── DATASET CONTENT ──

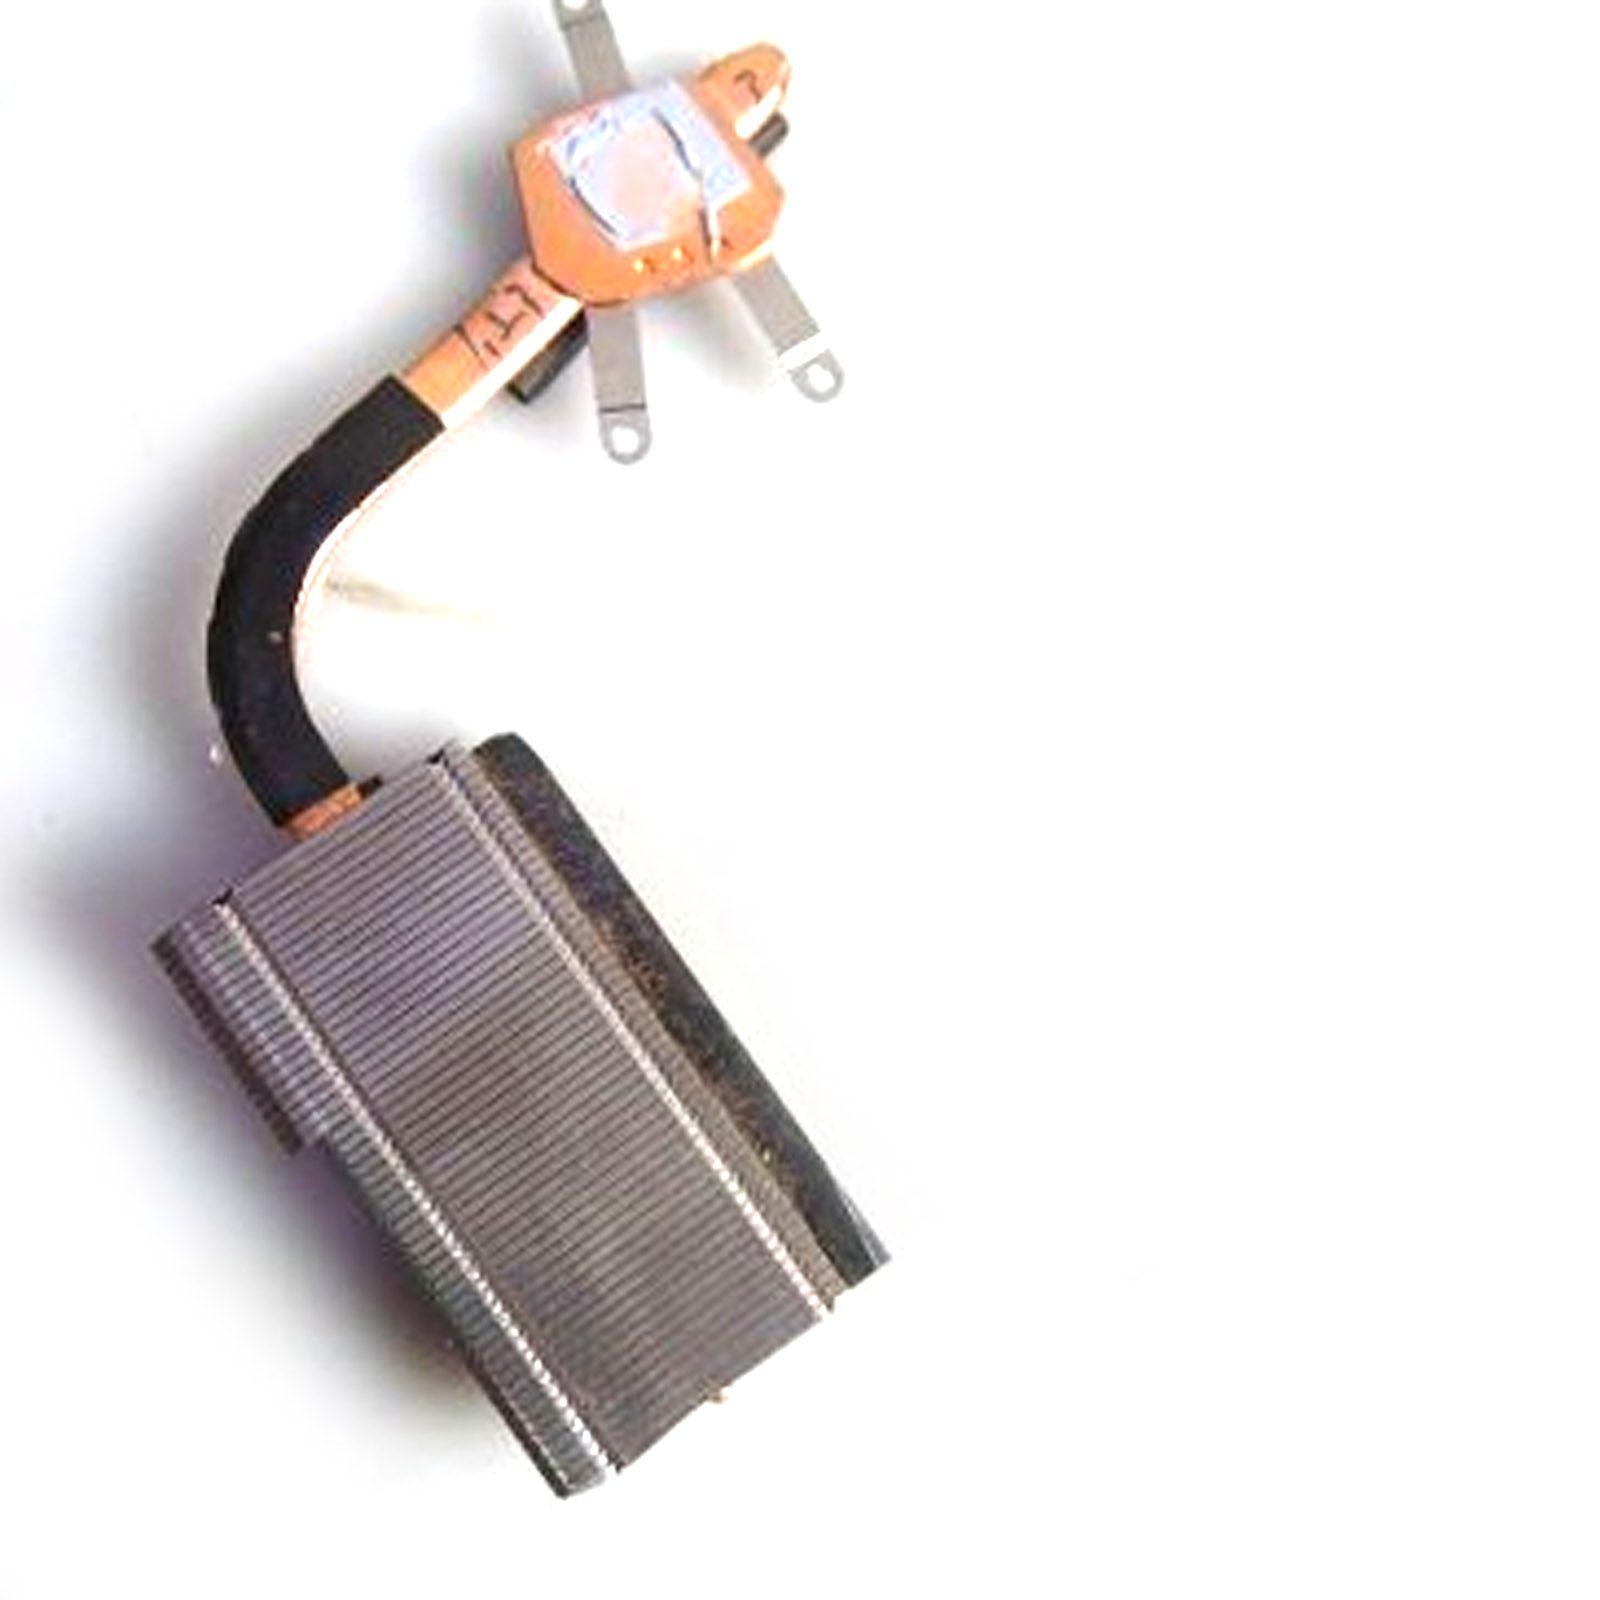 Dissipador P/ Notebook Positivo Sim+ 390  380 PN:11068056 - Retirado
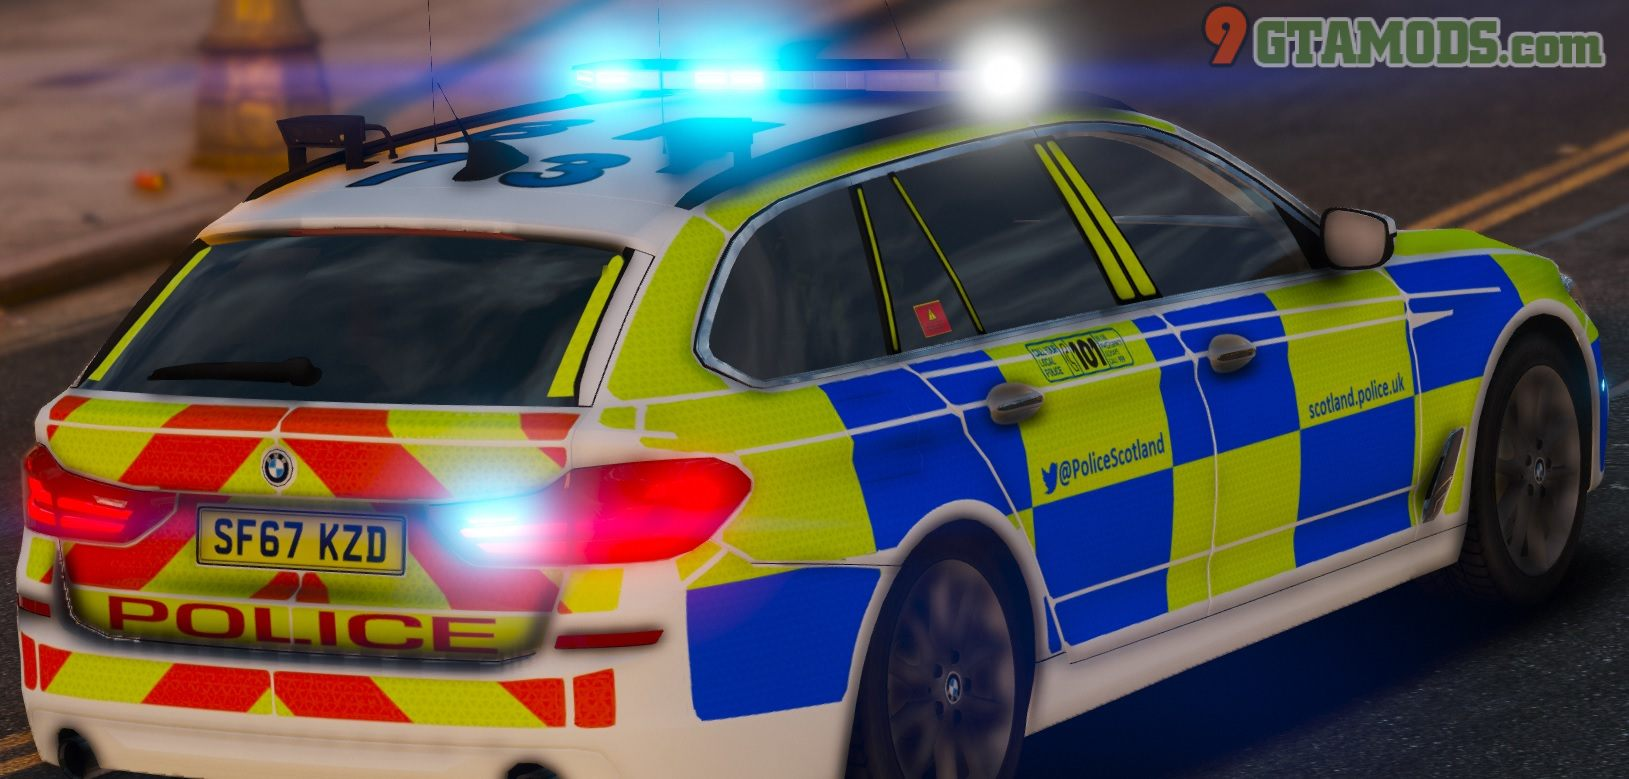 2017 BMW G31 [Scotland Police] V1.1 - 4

───
── DATASET CONTENT ──

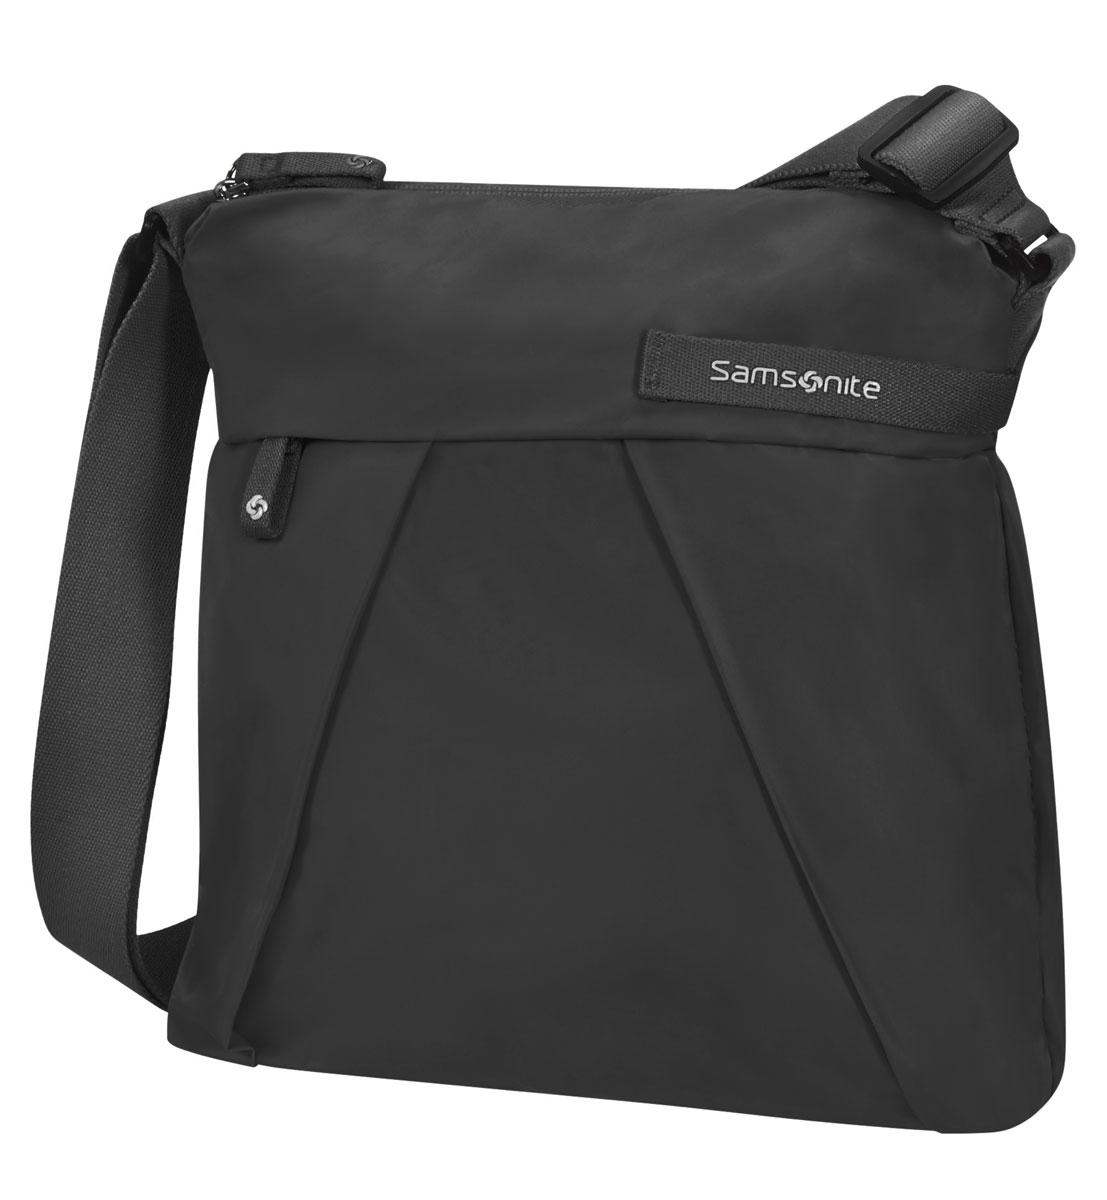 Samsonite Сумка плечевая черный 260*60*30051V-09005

───

# TASK OBJECTIVE
Please output, exactly as written, the lines above from the one holding "Dissipador P/ Notebook" through the one holding "2017 BMW G31 [Scotland Police] V1.1 - 4", both included, with the pictures omitted.

# WRITTEN SOLUTION
 Dissipador P/ Notebook Positivo Sim+ 390  380 PN:11068056 - Retirado
 2017 BMW G31 [Scotland Police] V1.1 - 4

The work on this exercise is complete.